GIVEN INFORMATION |
==*==
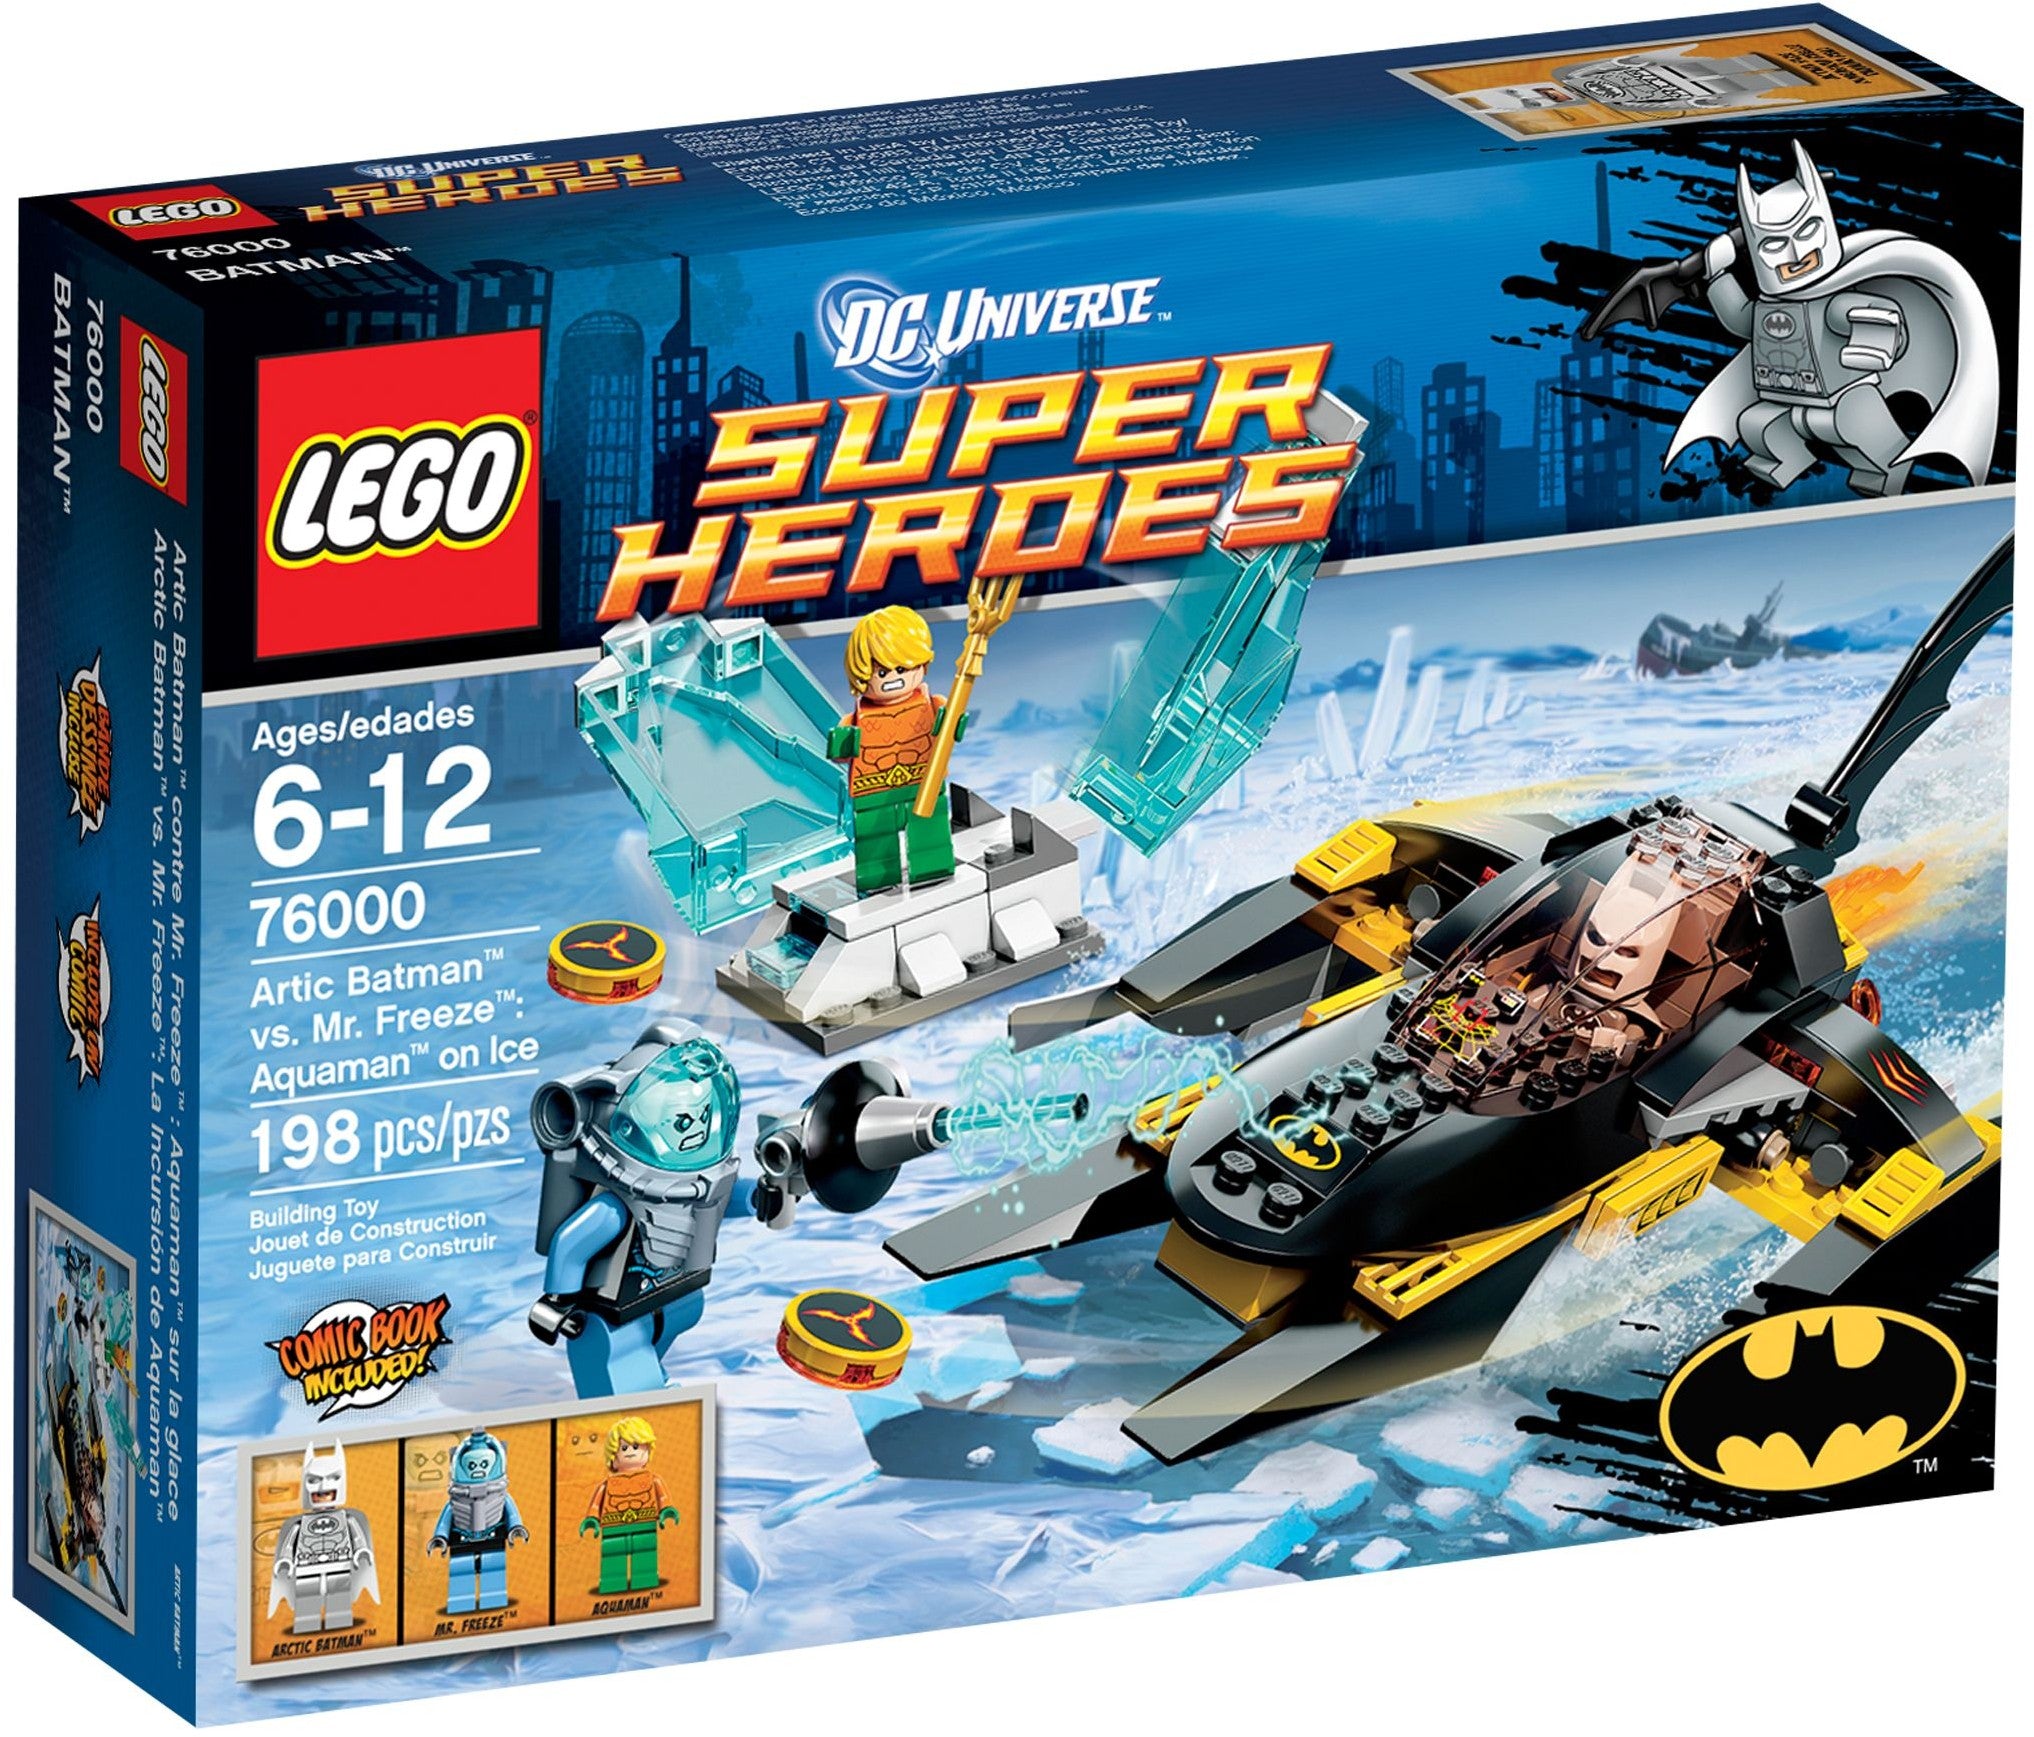 Lego Super Heroes 76000 - Arctic Batman vs. Mr. Freeze: Aquaman on Ice
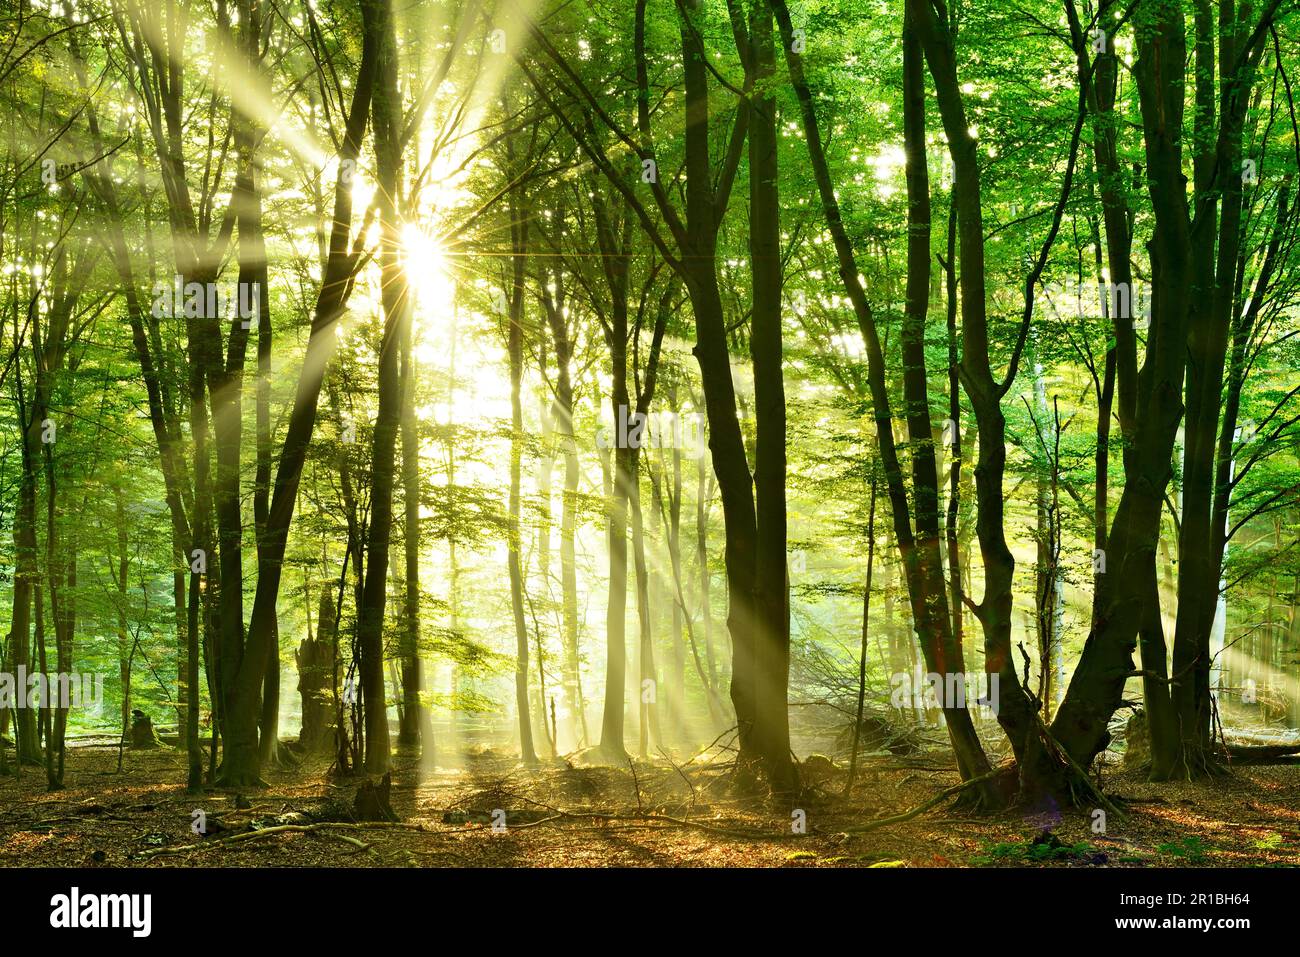 La foresta di faggi incontaminata, inondata di luce, con un sacco di legno morto al mattino presto, il sole splende attraverso la nebbia, Reinhardswald, Assia, Germania Foto Stock
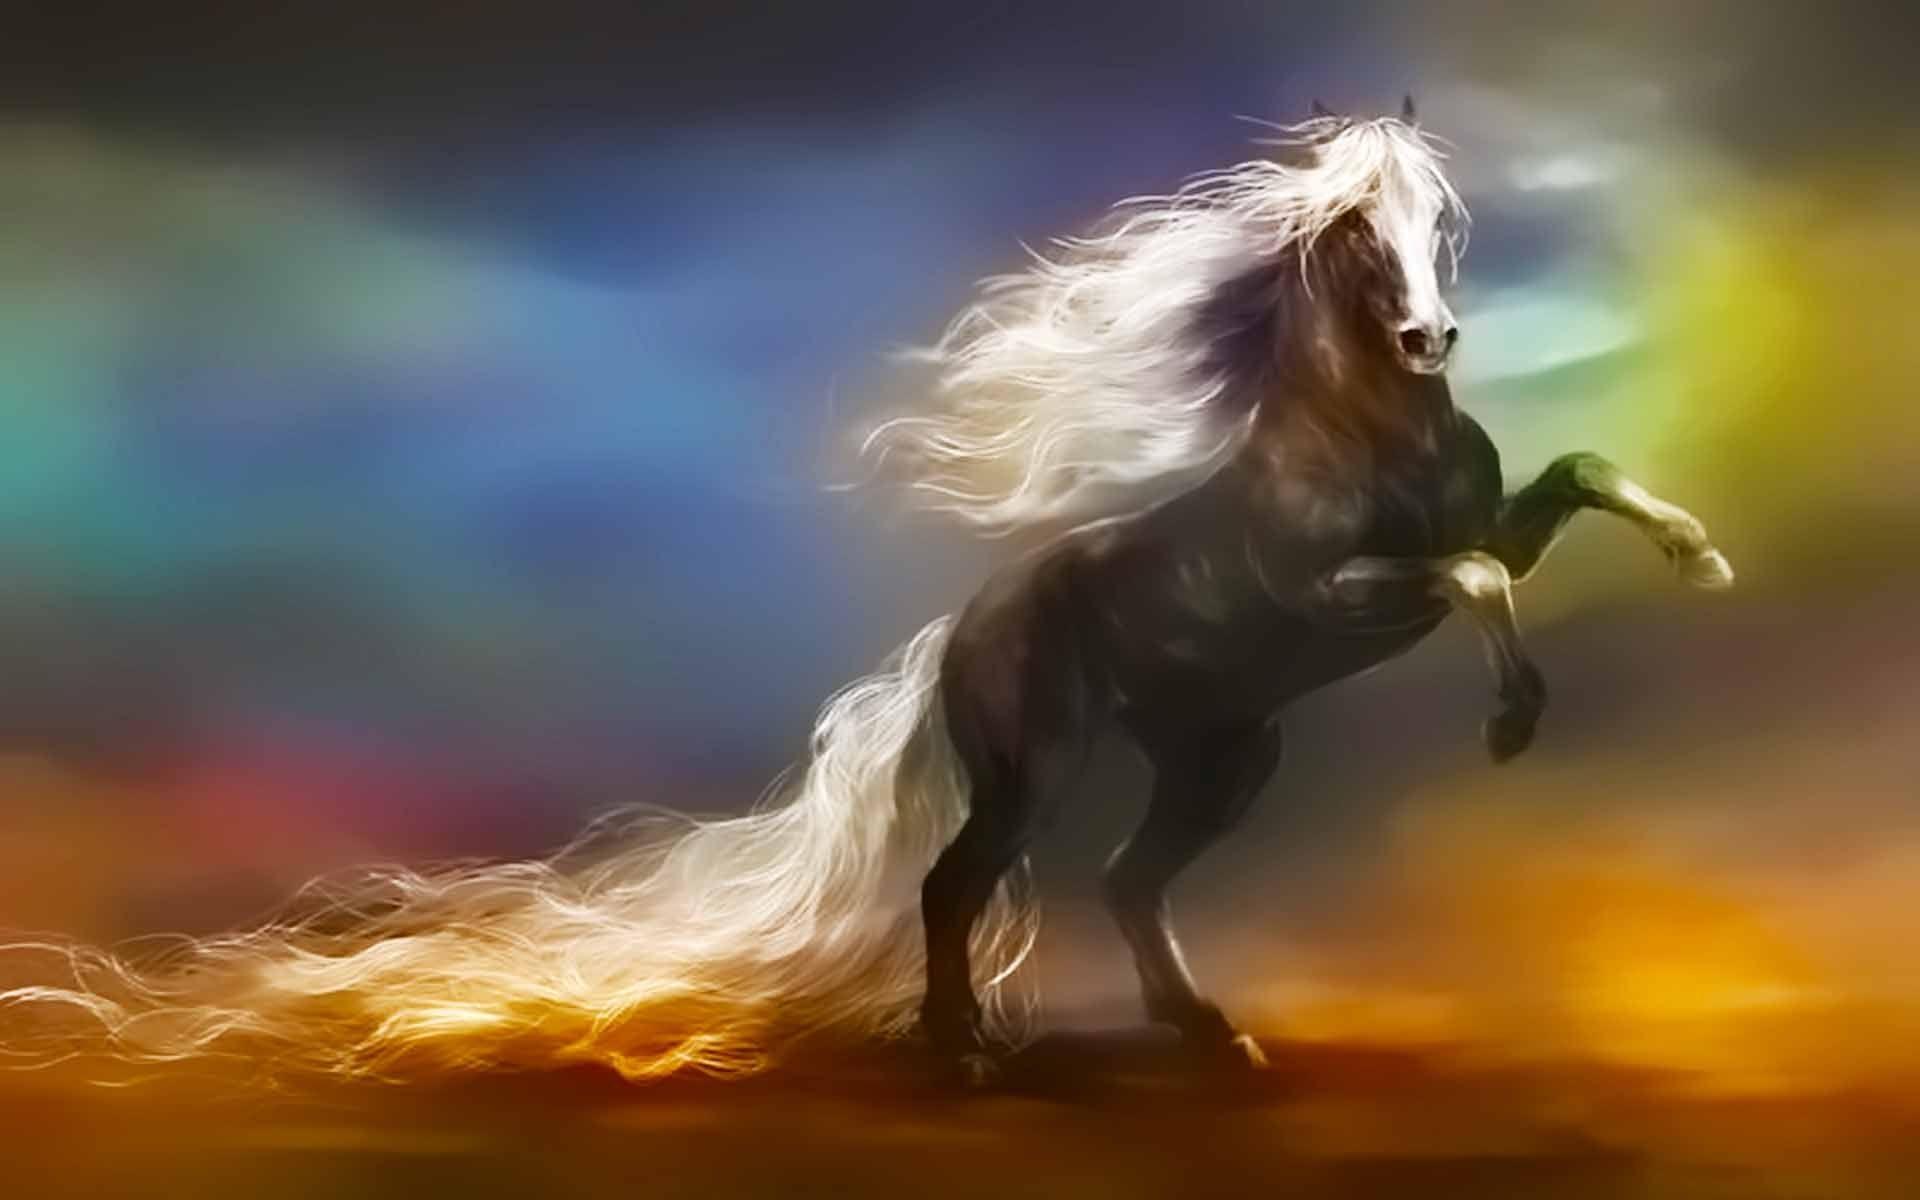 Dù bạn là một tín đồ yêu ngựa hay chỉ đơn giản là muốn thưởng thức một chút không gian mơ mộng, ngựa huyền bí trong fantasy horse wallpapers chắc chắn sẽ làm bạn hài lòng. Hãy nhấn vào hình ảnh để khám phá thêm nhé.
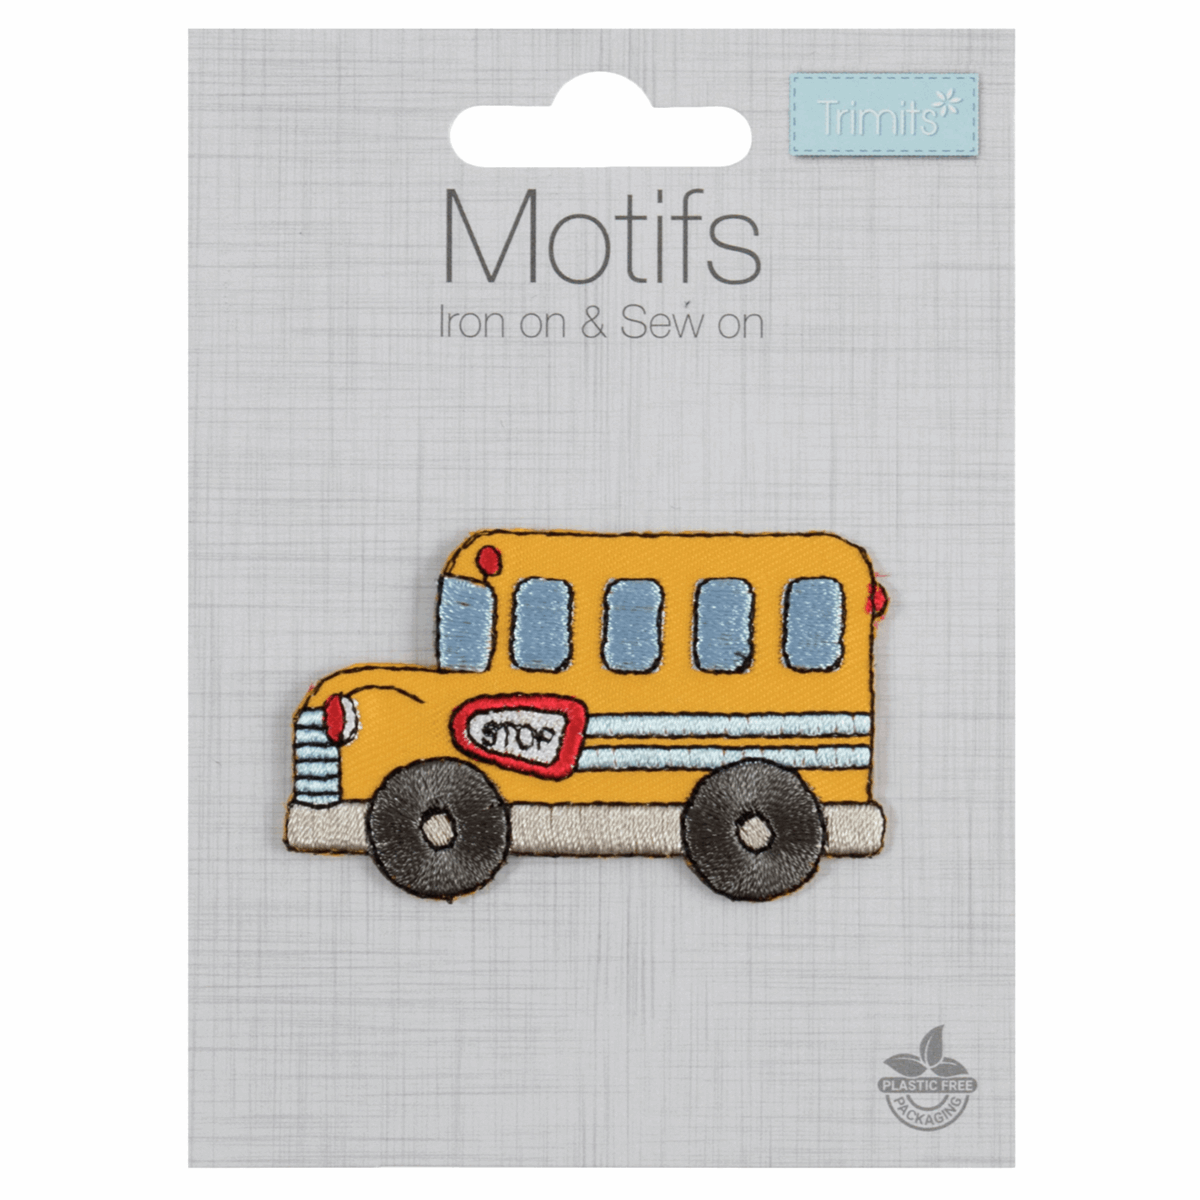 School Bus - Iron -On & Sew-On Motifs
==*==
YOUR INSTRUCTIONS |
When copying the data above, repeat every word exactly and drop the pictures.

ANSWER SECTION |
 Lego Super Heroes 76000 - Arctic Batman vs. Mr. Freeze: Aquaman on Ice
 La foresta di faggi incontaminata, inondata di luce, con un sacco di legno morto al mattino presto, il sole splende attraverso la nebbia, Reinhardswald, Assia, Germania Foto Stock
 Dù bạn là một tín đồ yêu ngựa hay chỉ đơn giản là muốn thưởng thức một chút không gian mơ mộng, ngựa huyền bí trong fantasy horse wallpapers chắc chắn sẽ làm bạn hài lòng. Hãy nhấn vào hình ảnh để khám phá thêm nhé.
 School Bus - Iron -On & Sew-On Motifs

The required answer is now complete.